__Exercise brief__
Return, word for word, the lines of the listing below from the one with "FRANCE 1929/31 - Canceled" through the one with "Vue aérienne de", and no other lines.

__Data excerpts__
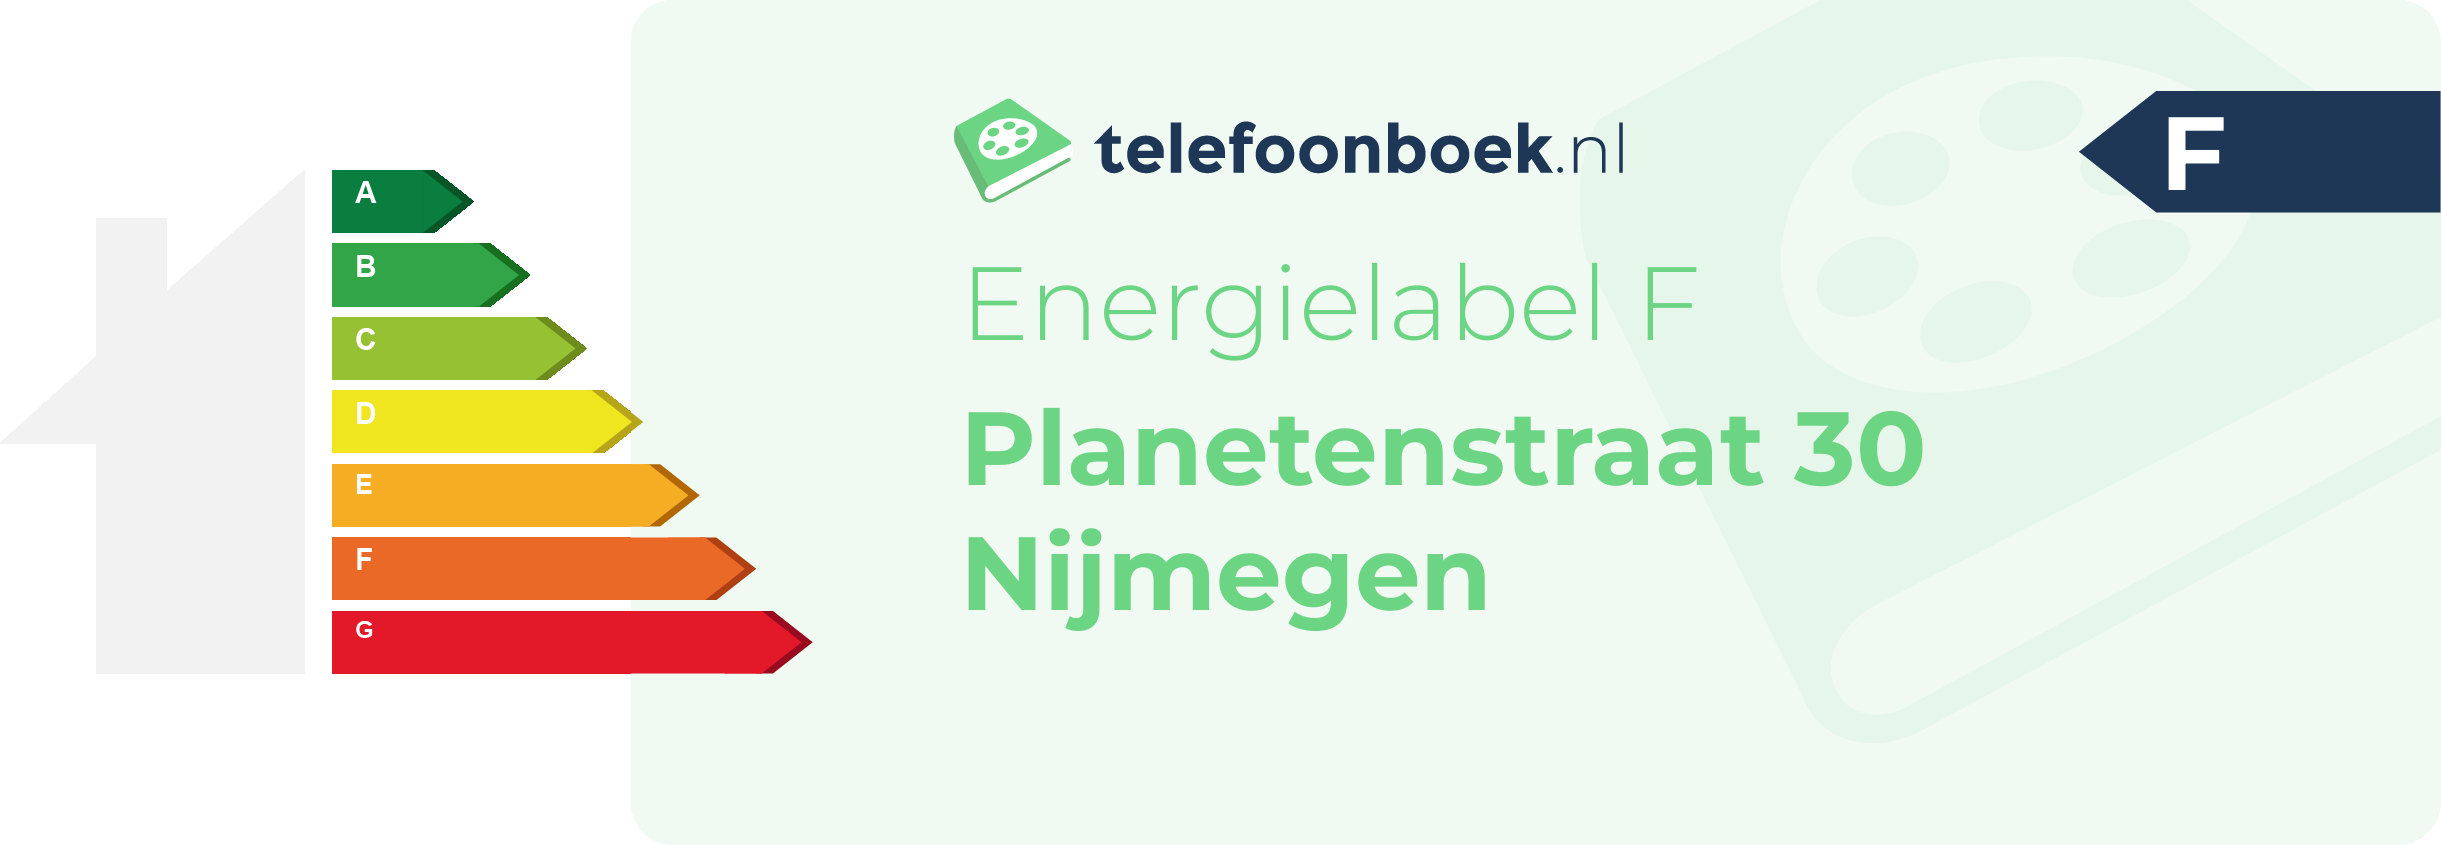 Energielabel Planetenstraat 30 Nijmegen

---

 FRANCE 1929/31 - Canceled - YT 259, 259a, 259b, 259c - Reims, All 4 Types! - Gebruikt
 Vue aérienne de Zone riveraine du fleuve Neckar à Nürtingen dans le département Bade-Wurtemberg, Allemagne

__Exercise solution__
 FRANCE 1929/31 - Canceled - YT 259, 259a, 259b, 259c - Reims, All 4 Types! - Gebruikt
 Vue aérienne de Zone riveraine du fleuve Neckar à Nürtingen dans le département Bade-Wurtemberg, Allemagne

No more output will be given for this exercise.